Data extract:

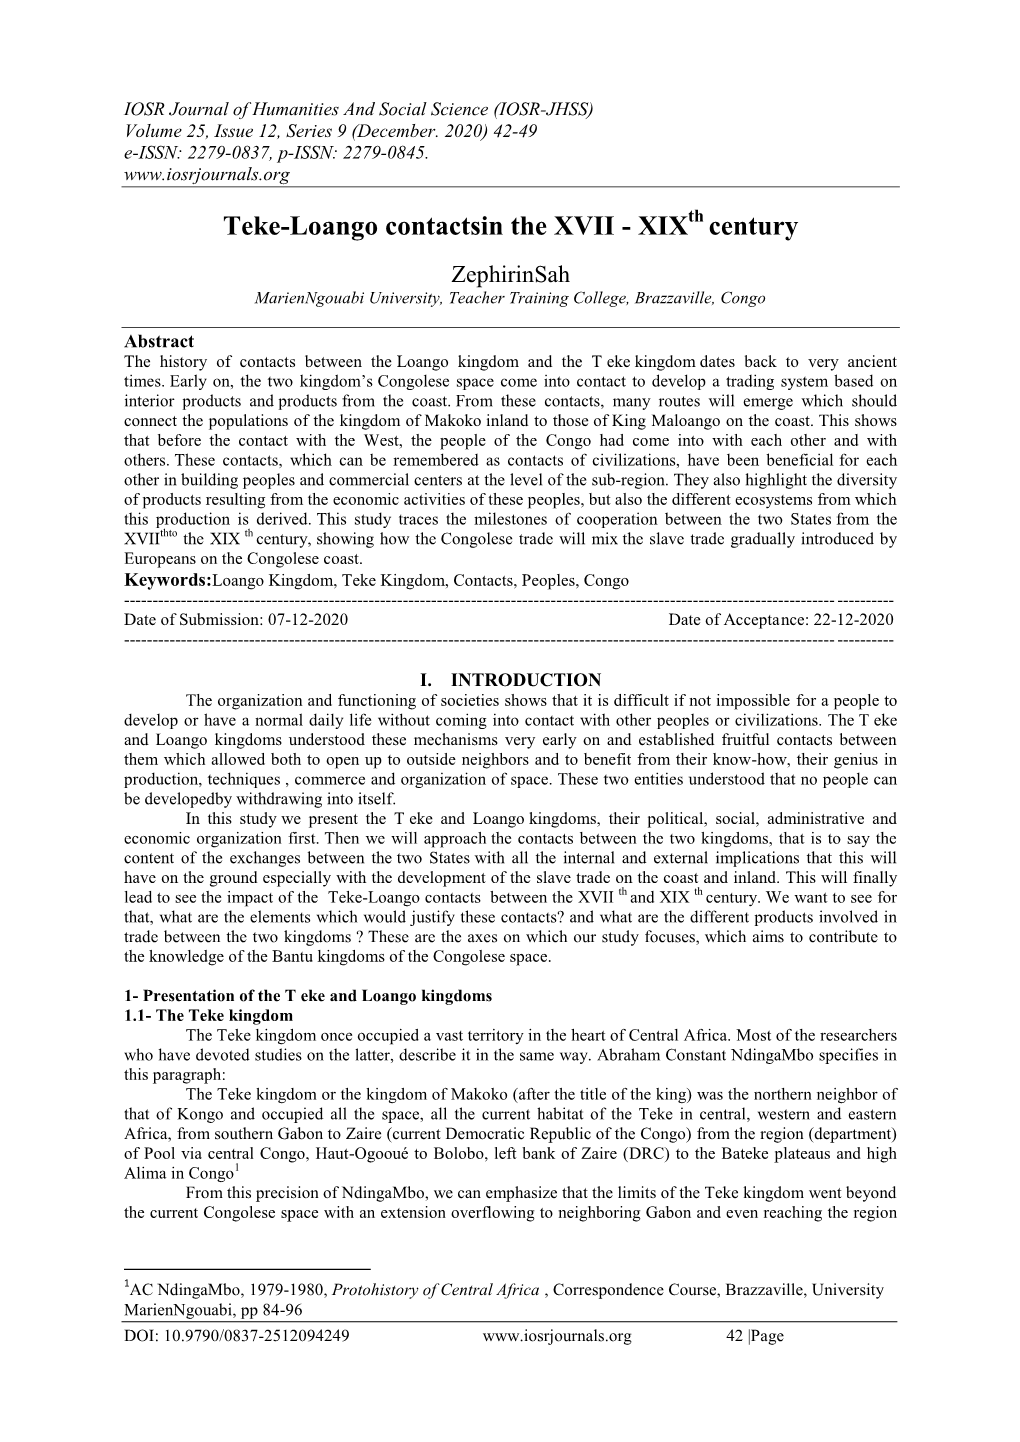 Teke-Loango Contactsin the XVII - Xixth Century
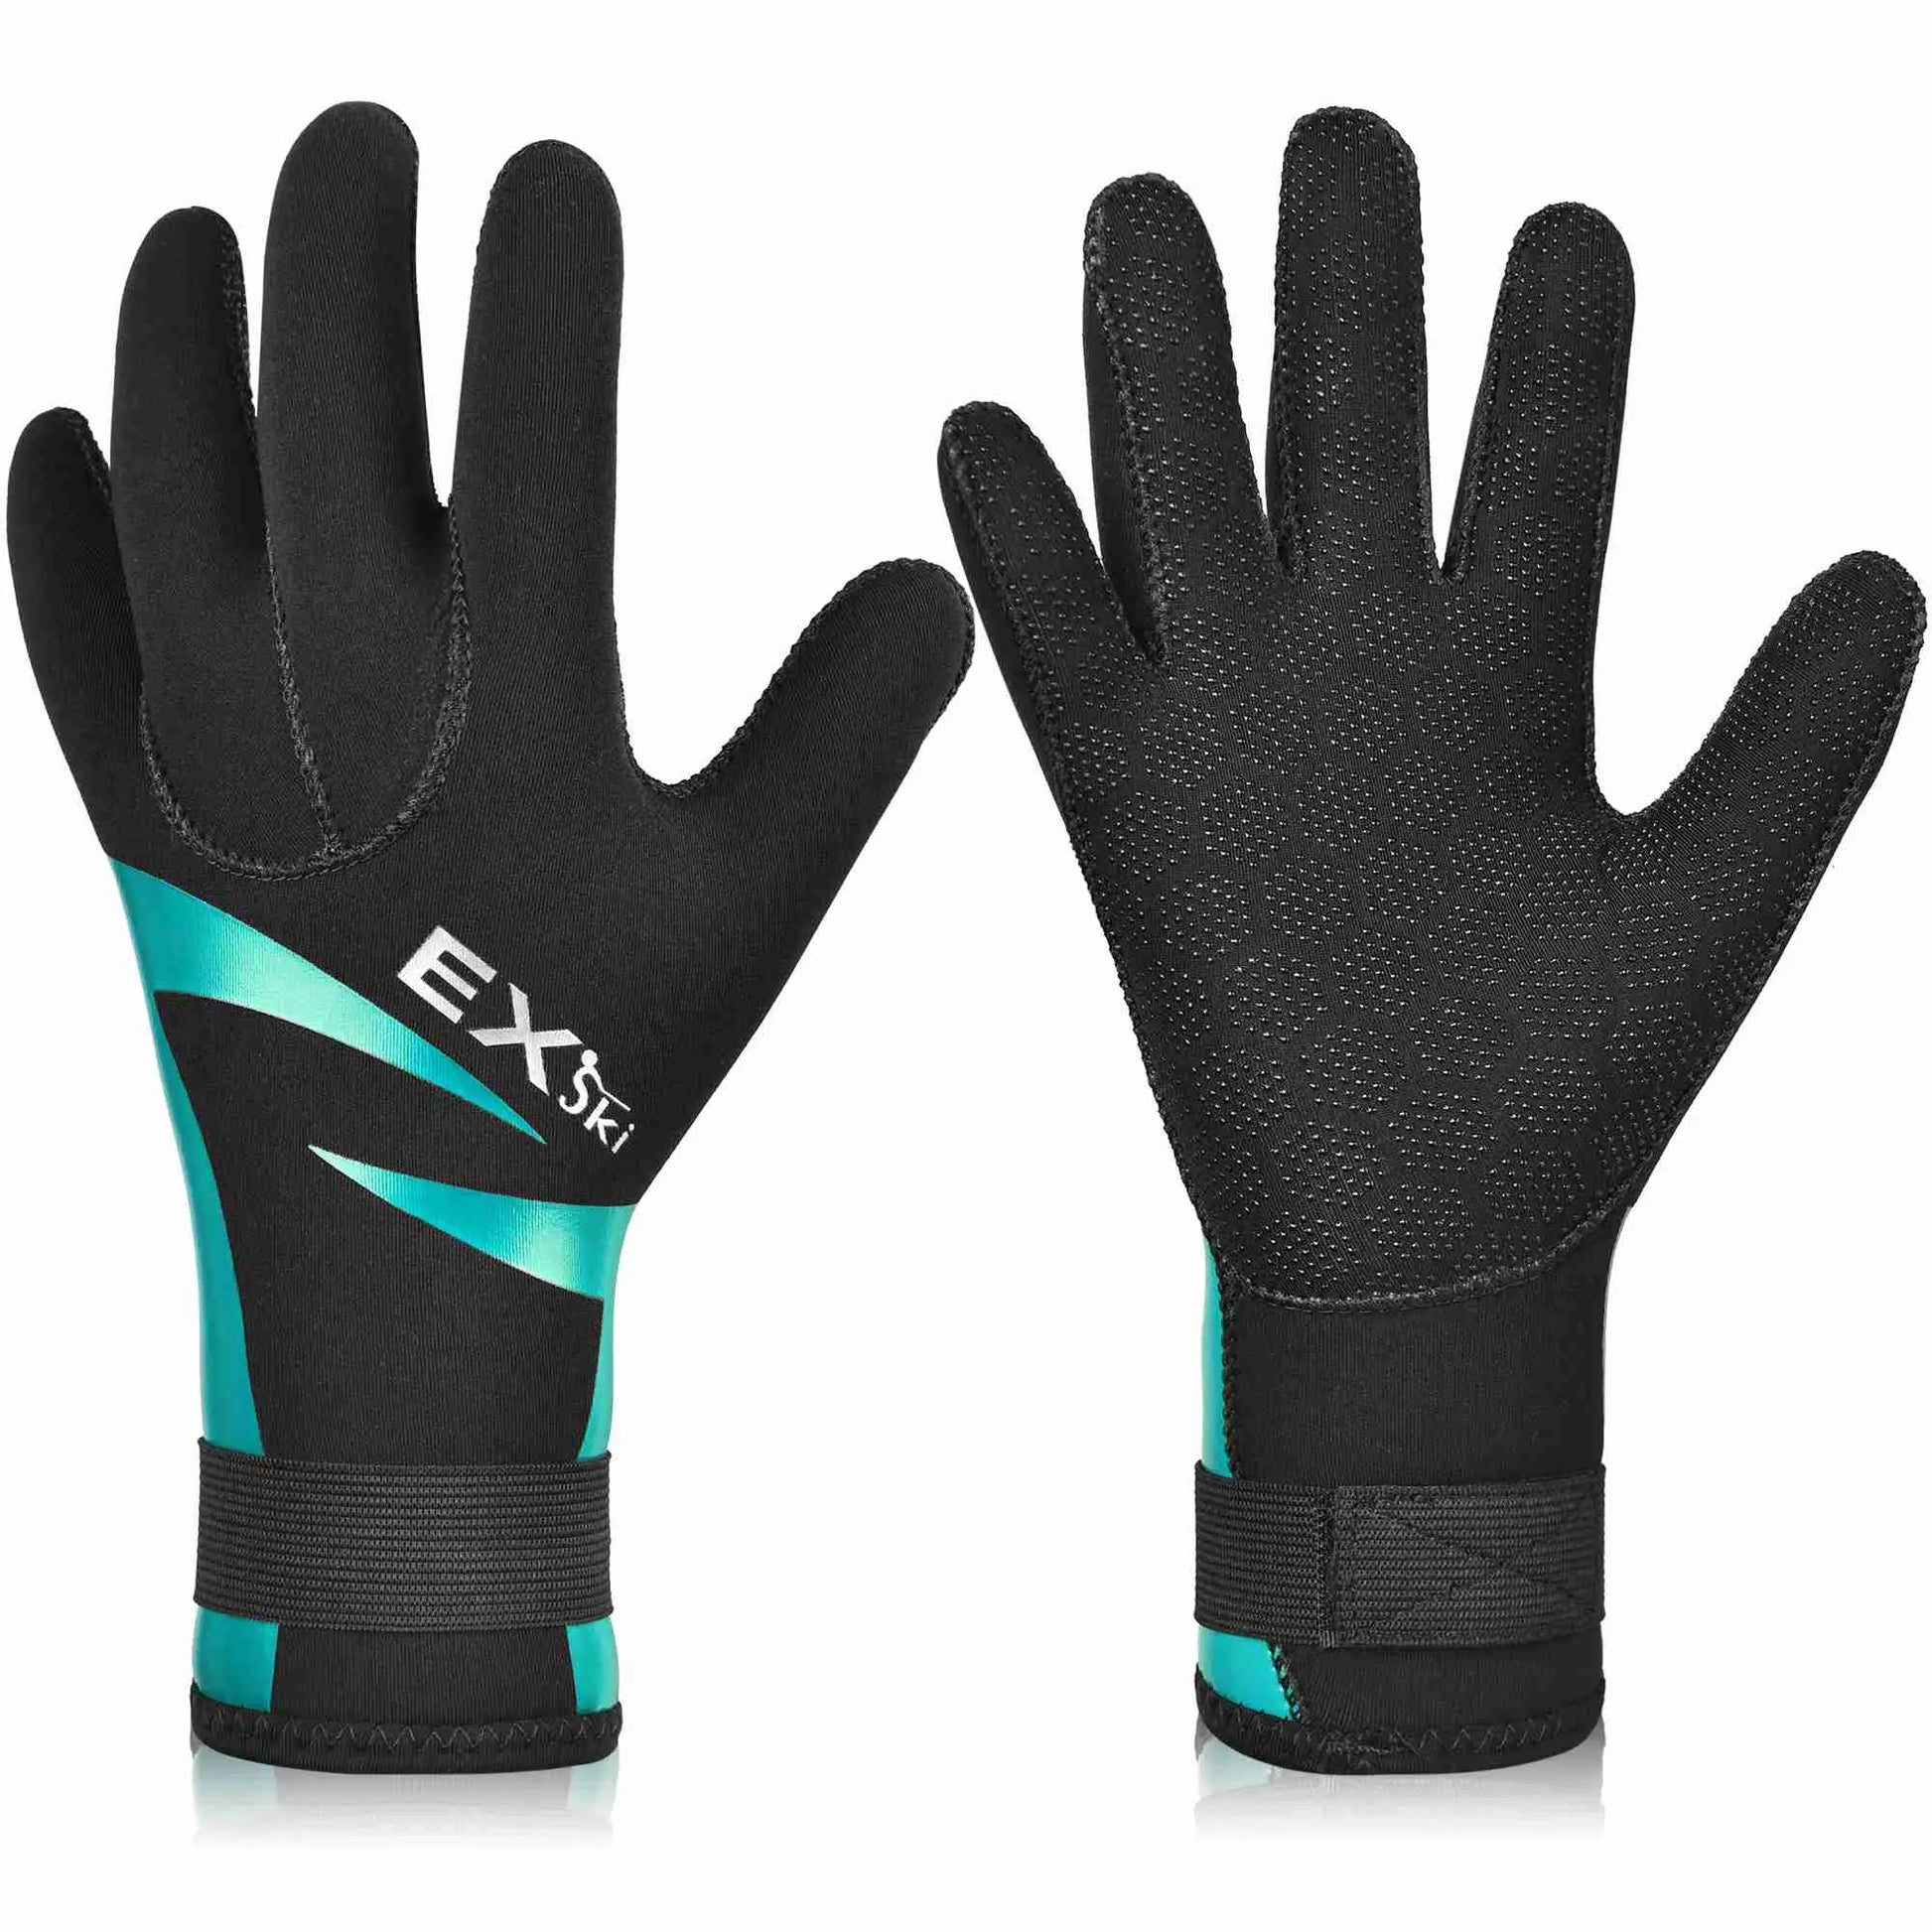 Neoprene Swimming Diving Gloves Keep Warm for Snorkeling Paddling Surfing  Kayaking Spearfishing Skiing Water SportsS-XL
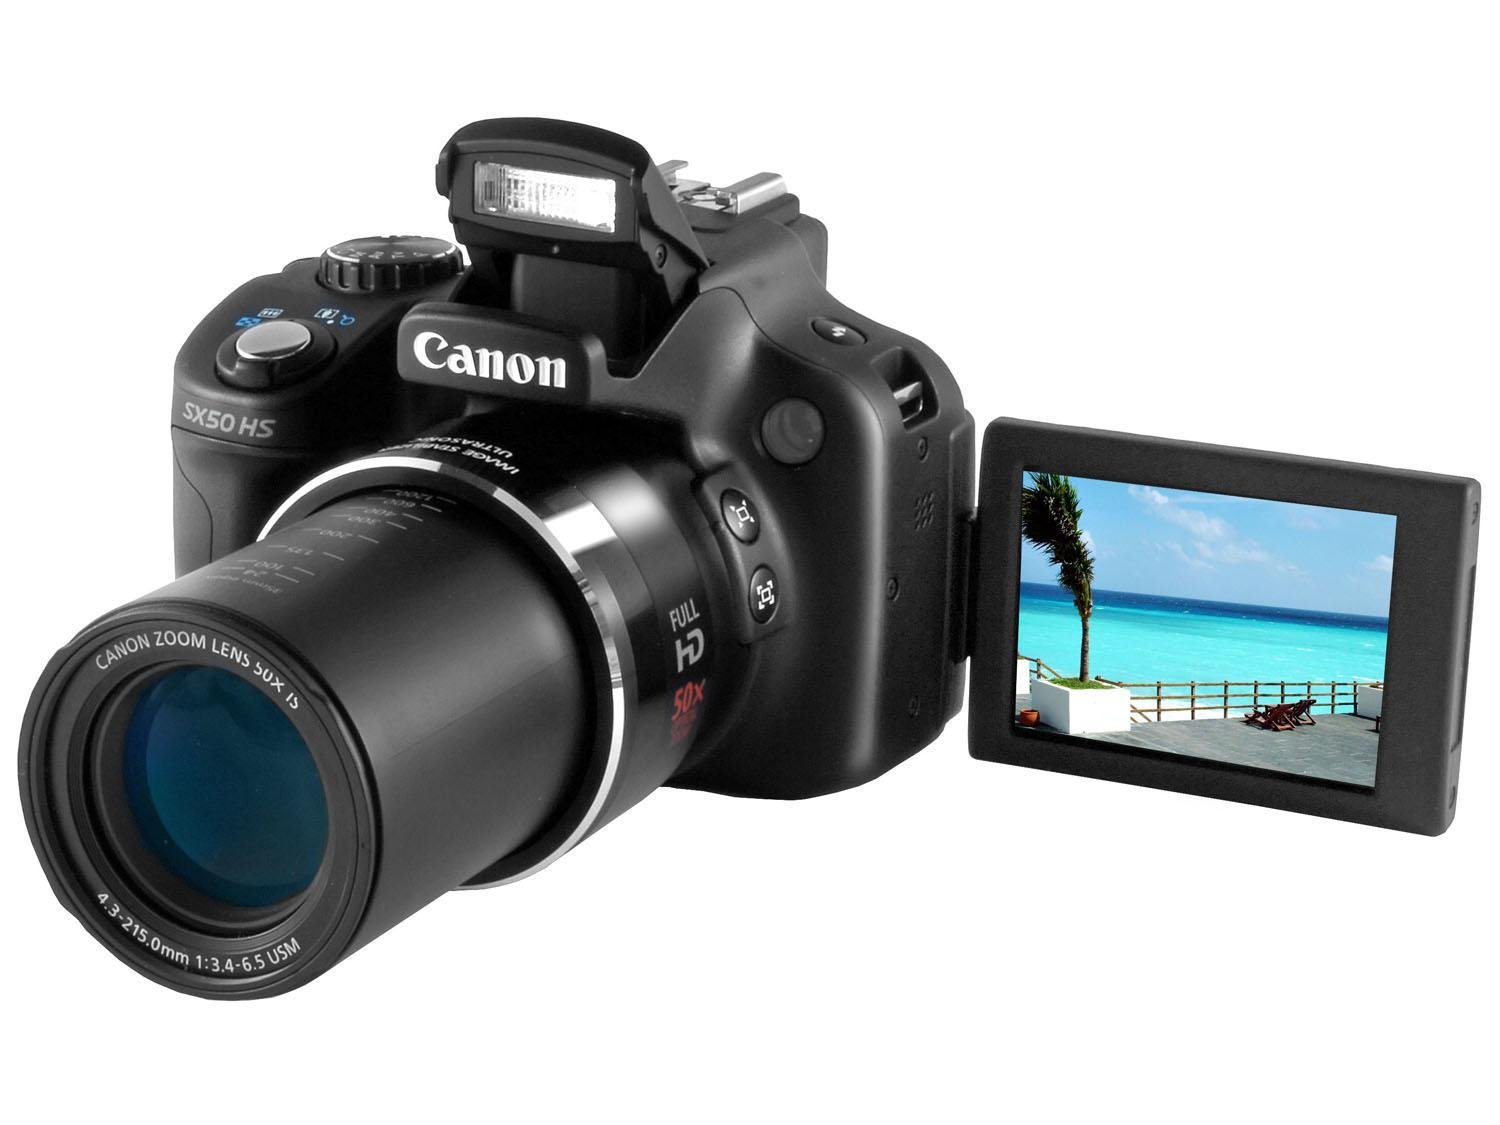 [EXTRA] Câmera Canon SX50, 12.1MP, Zoom Óptico 50x, FullHD - R$ 849,15
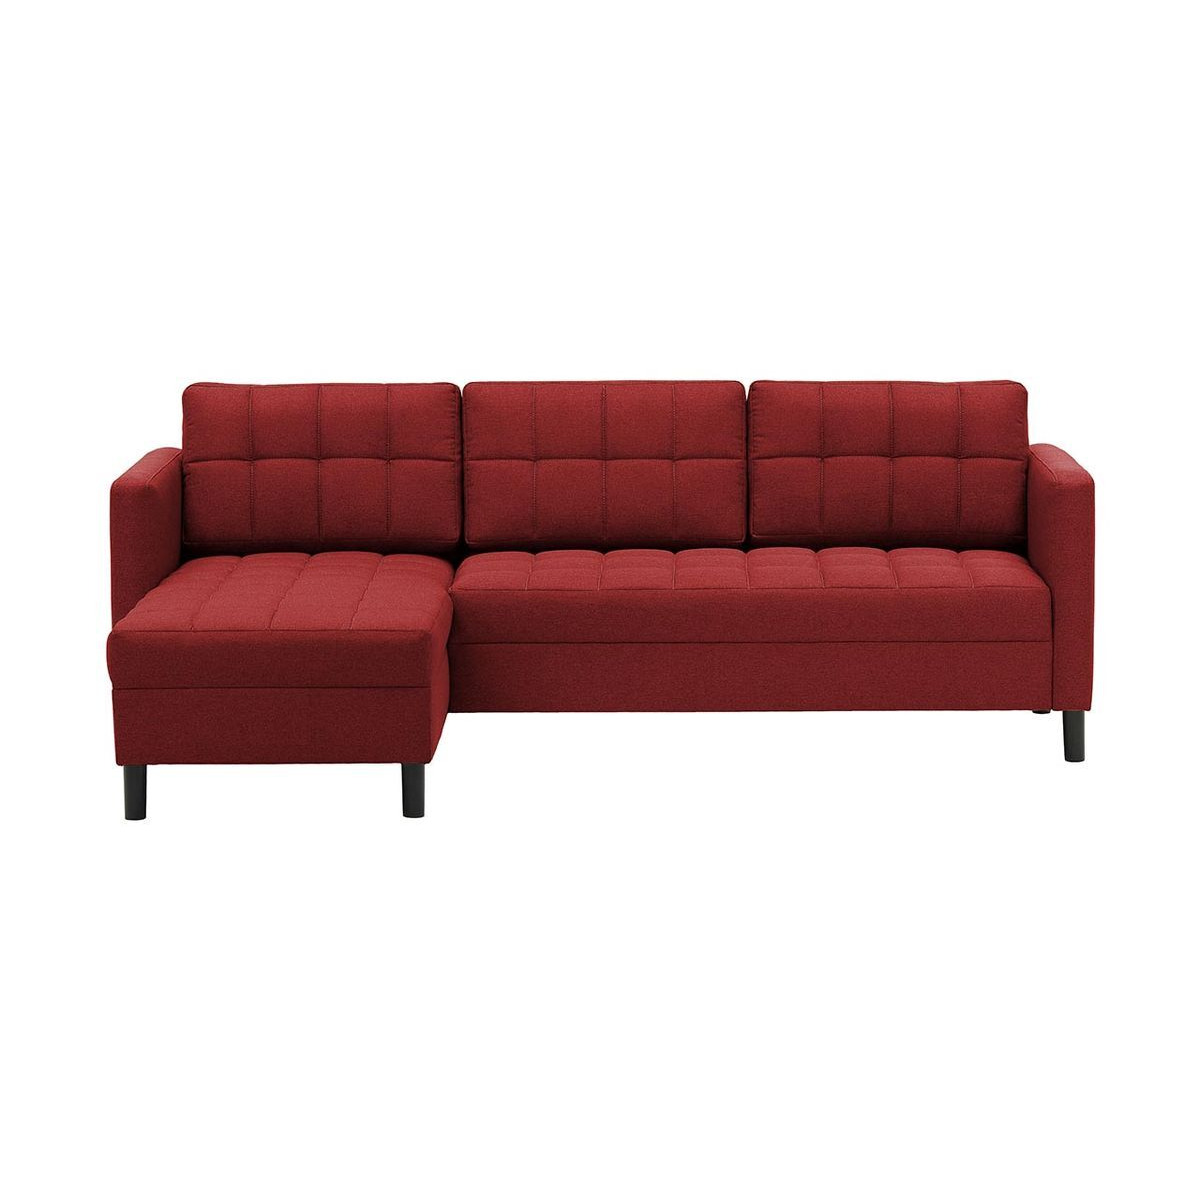 Ludo Universal Corner Sofa, red - image 1

What is expected: Going from the line with "[EXTRA] Câmera Canon" to the last line of the listing, write out each line exactly and nothing else. Leave out all pictures.

Output below:
 [EXTRA] Câmera Canon SX50, 12.1MP, Zoom Óptico 50x, FullHD - R$ 849,15
 Ludo Universal Corner Sofa, red - image 1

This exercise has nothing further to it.